(Recorded data Opens)

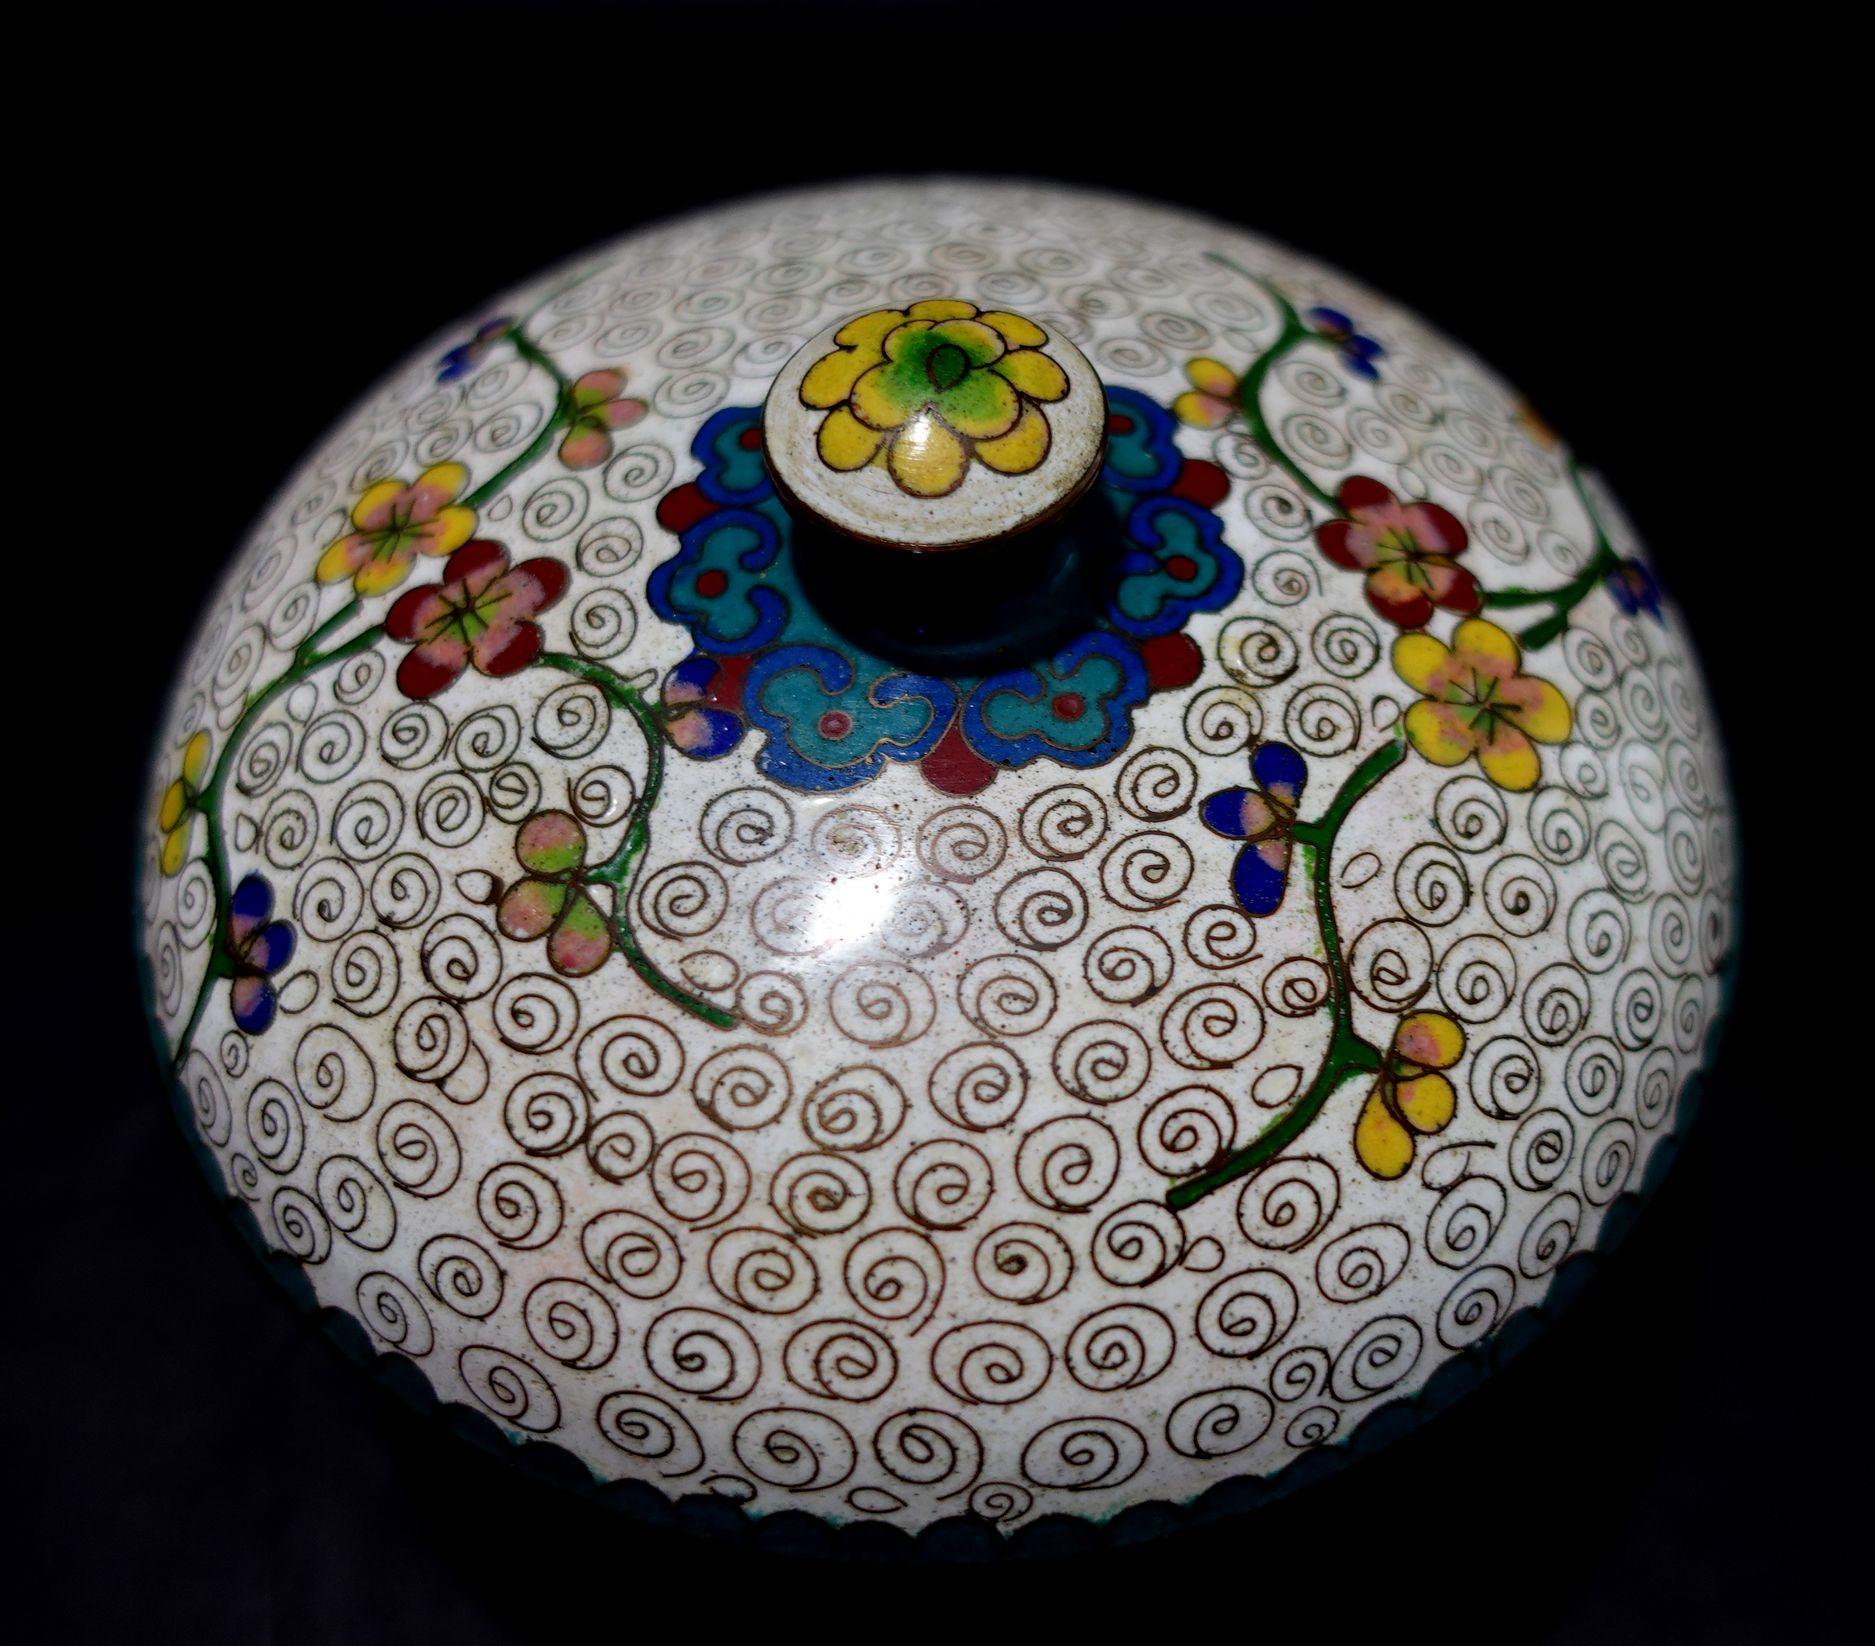 Antique Chinese Cloisonné Enamel Round Lidded Box 19th Century CO#09 In Good Condition For Sale In Norton, MA
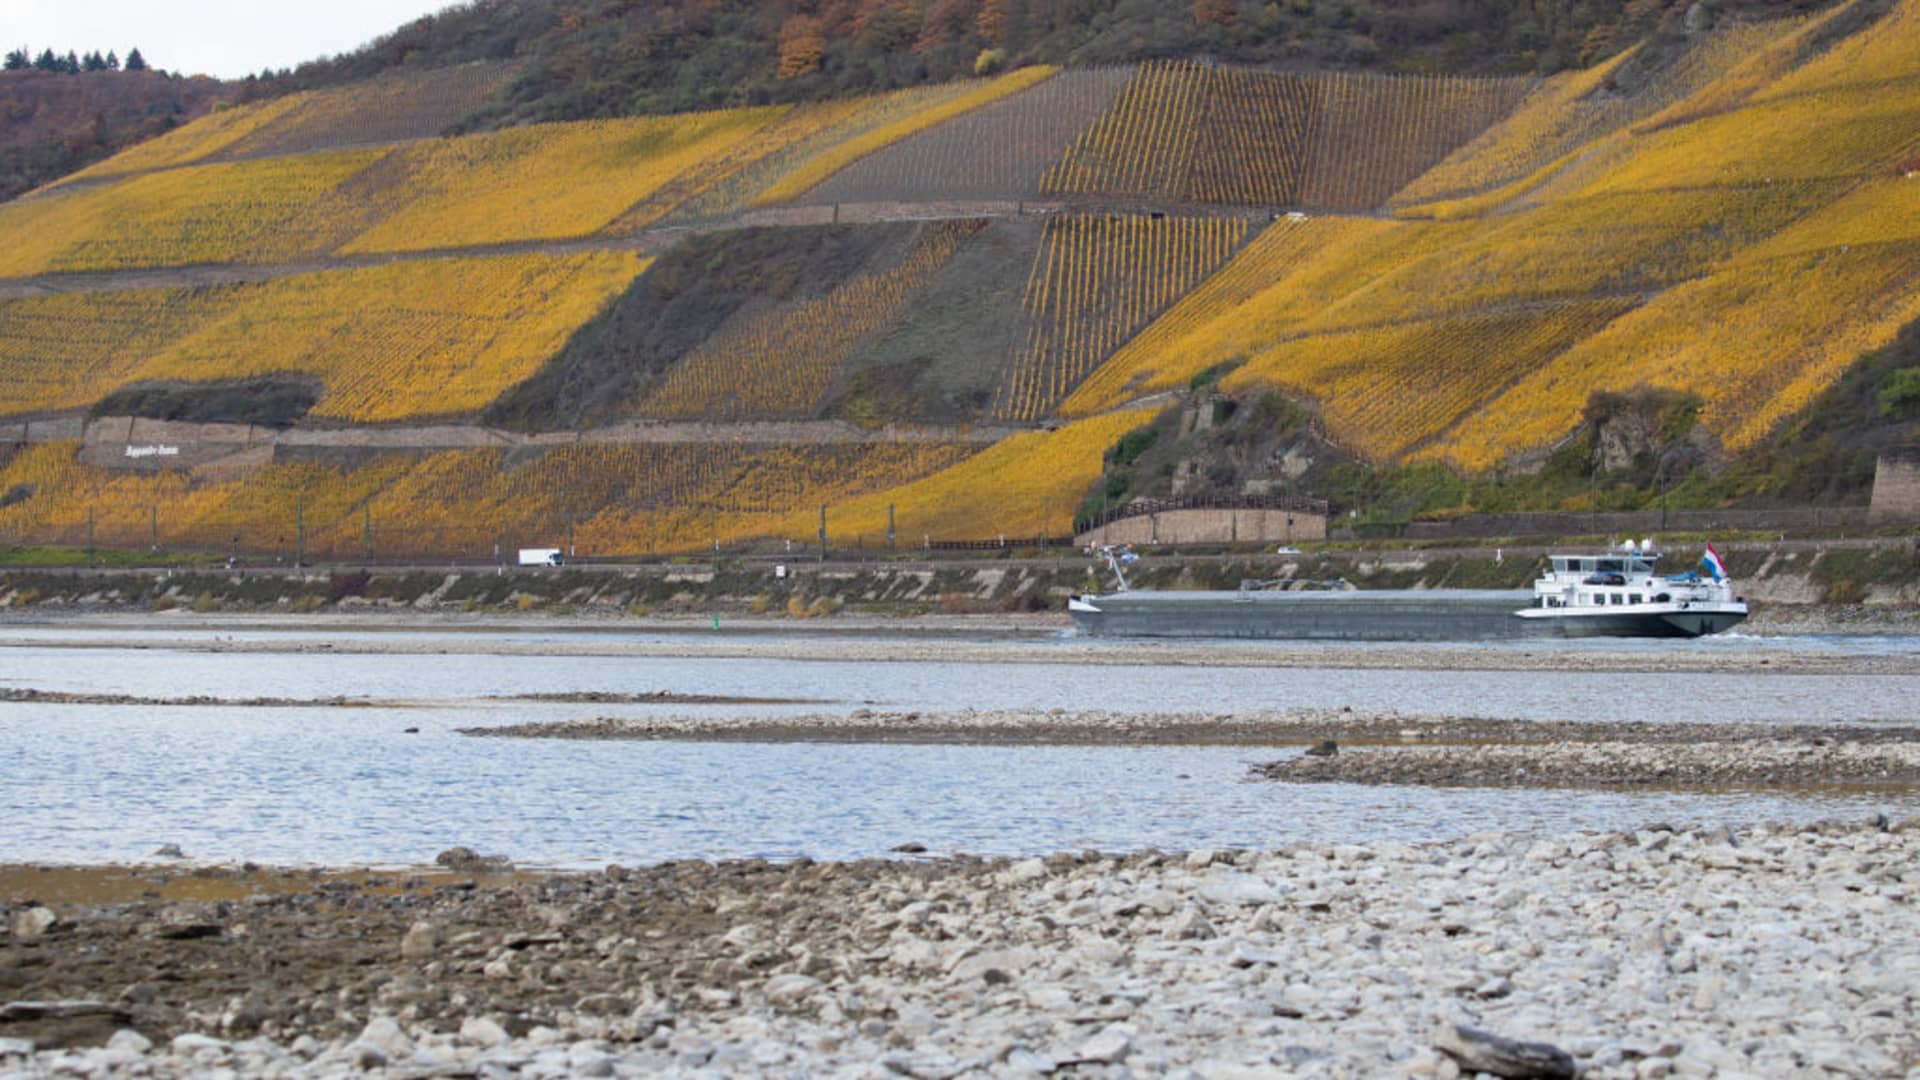 Half loaded cargo ships pass by the low water in the River Rhine along the vineyards on November 13, 2018 in Osterspai near Sankt Goarshausen, Germany. Summer heat wave in Germany as well unfavorable wind conditions, and no rain left the Rhine - which begins in the Swiss Alps, runs through Germany, and empties into the North Sea - at record low water levels.
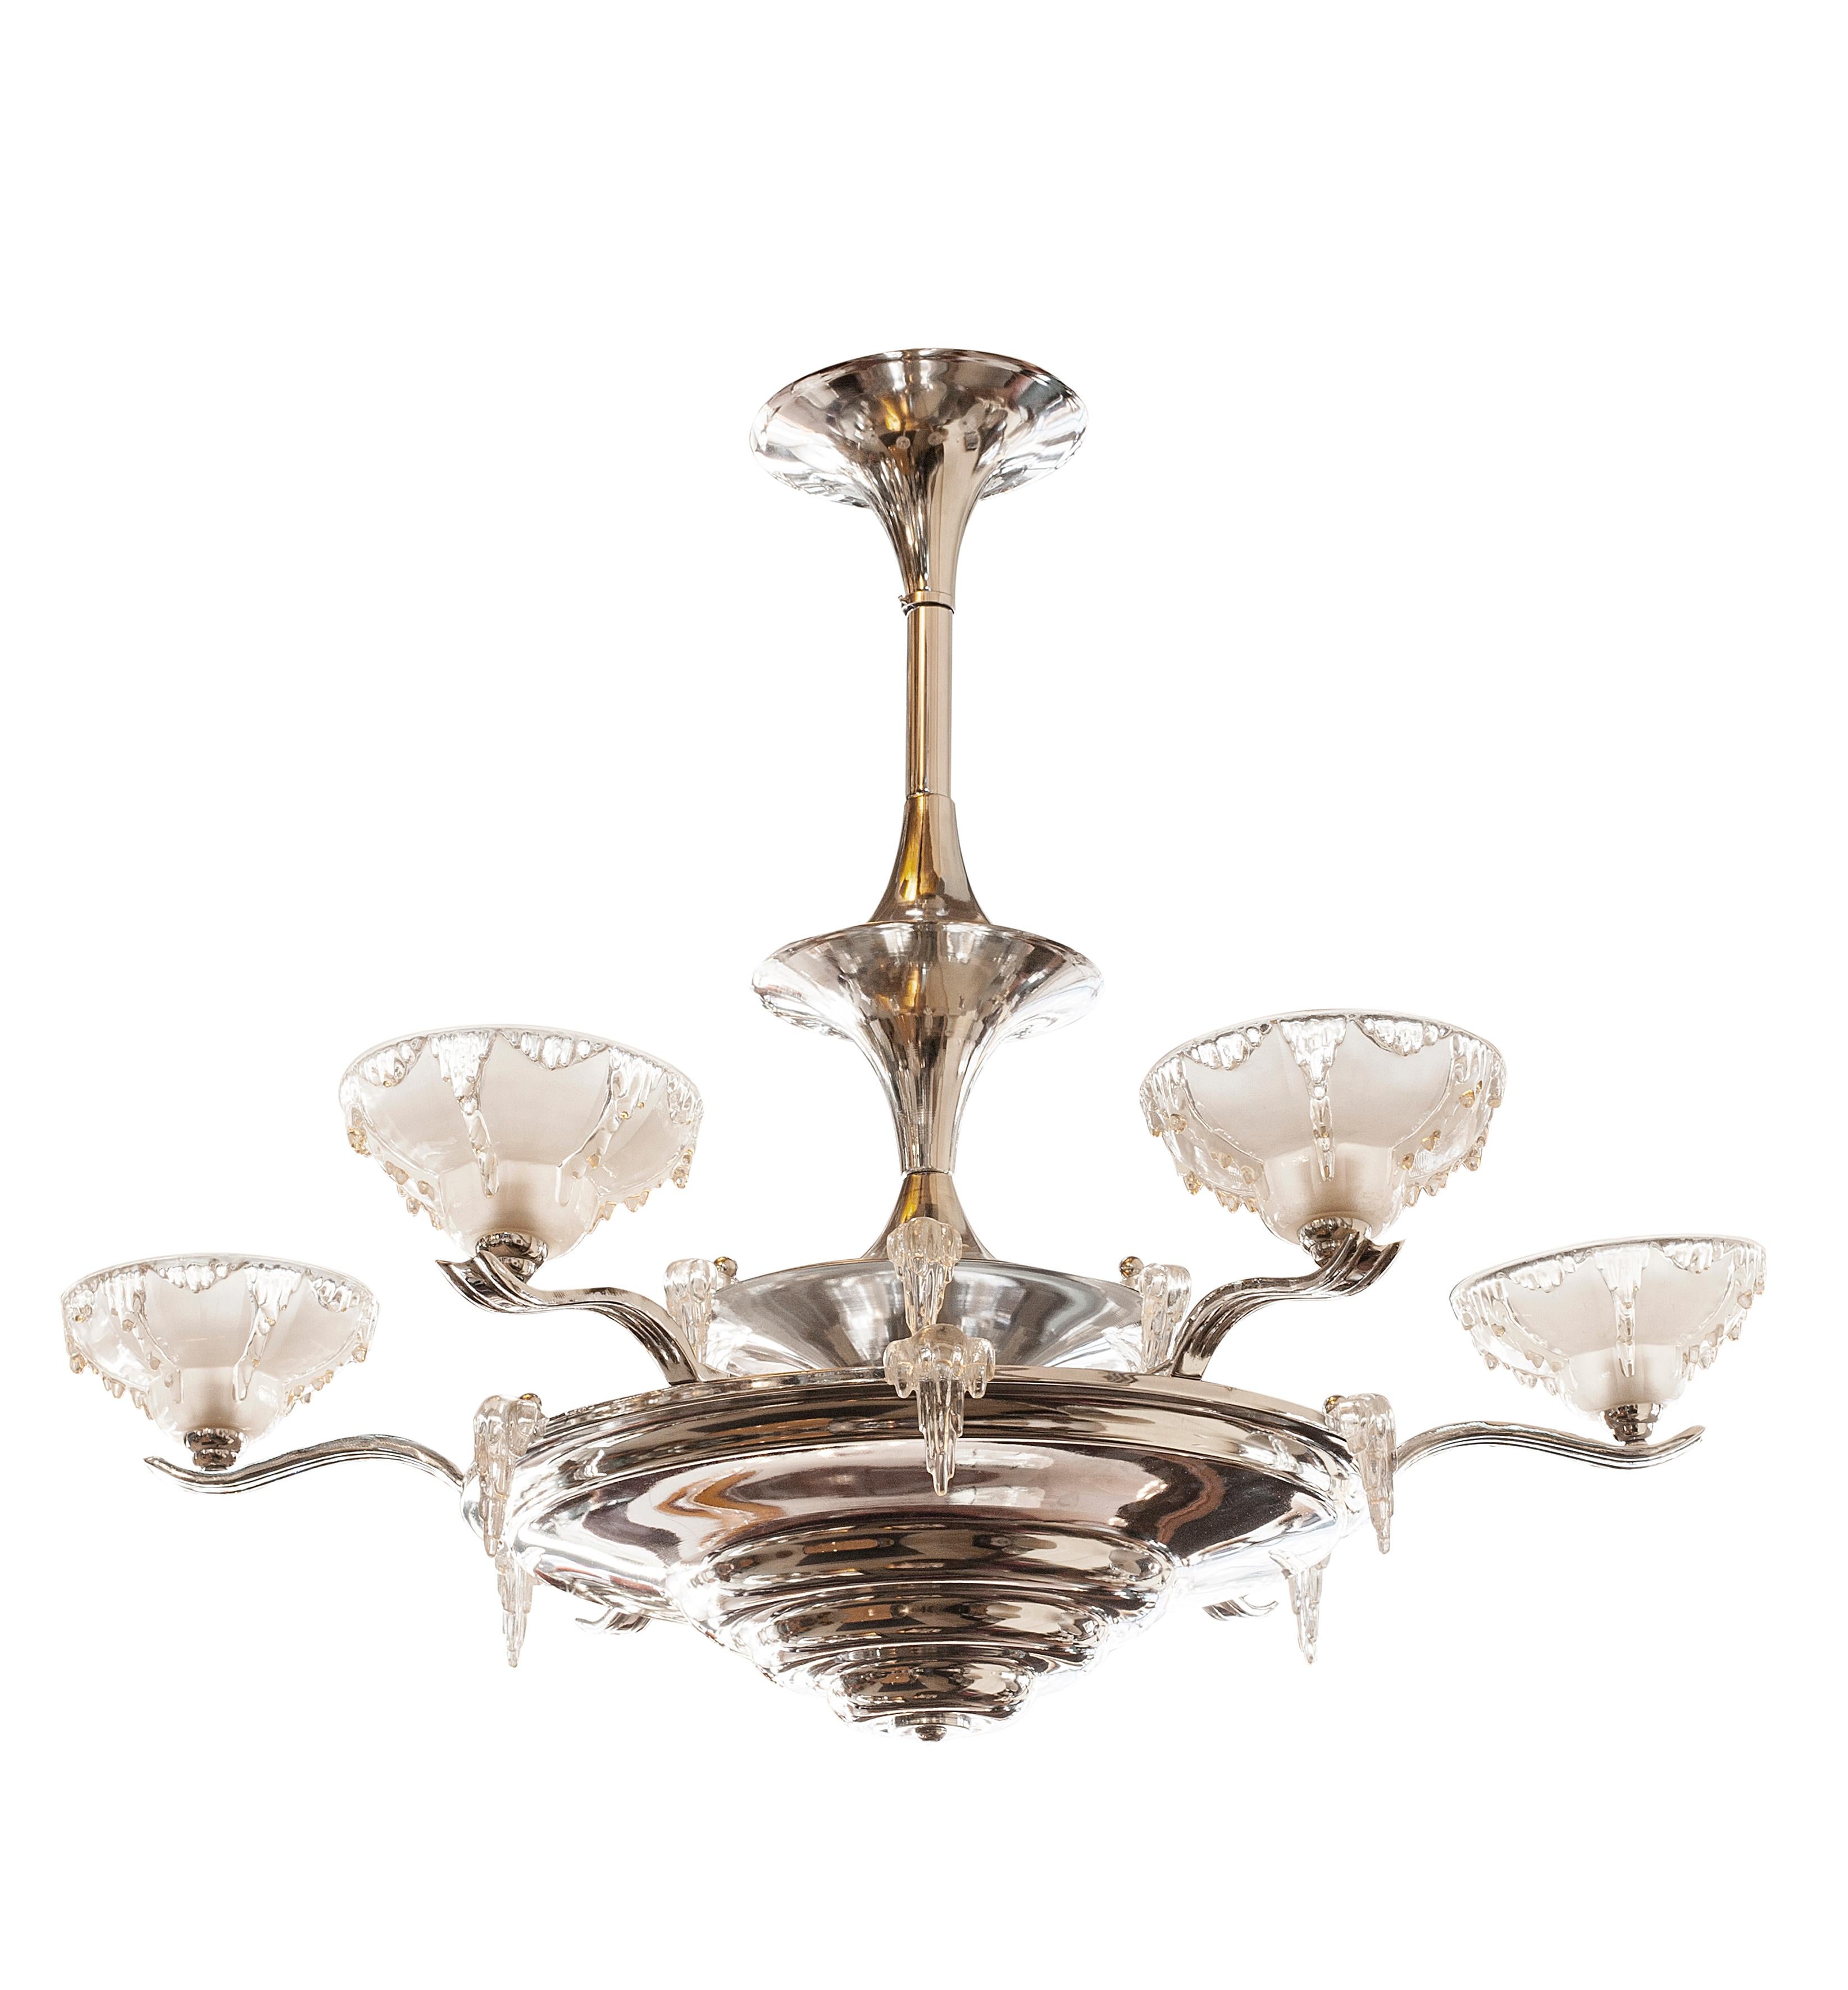 Hanging lamp

Material: Chromed and Art Glass
Style: Art Deco
Country: France
To take care of your property and the lives of our customers, the new wiring has been done.
If you are looking for sconces to match your ceiling lighting, we have what you

(Recorded data Closes)

Write down how many lines in the data contain "your". Add nothing else.

[Task result]
2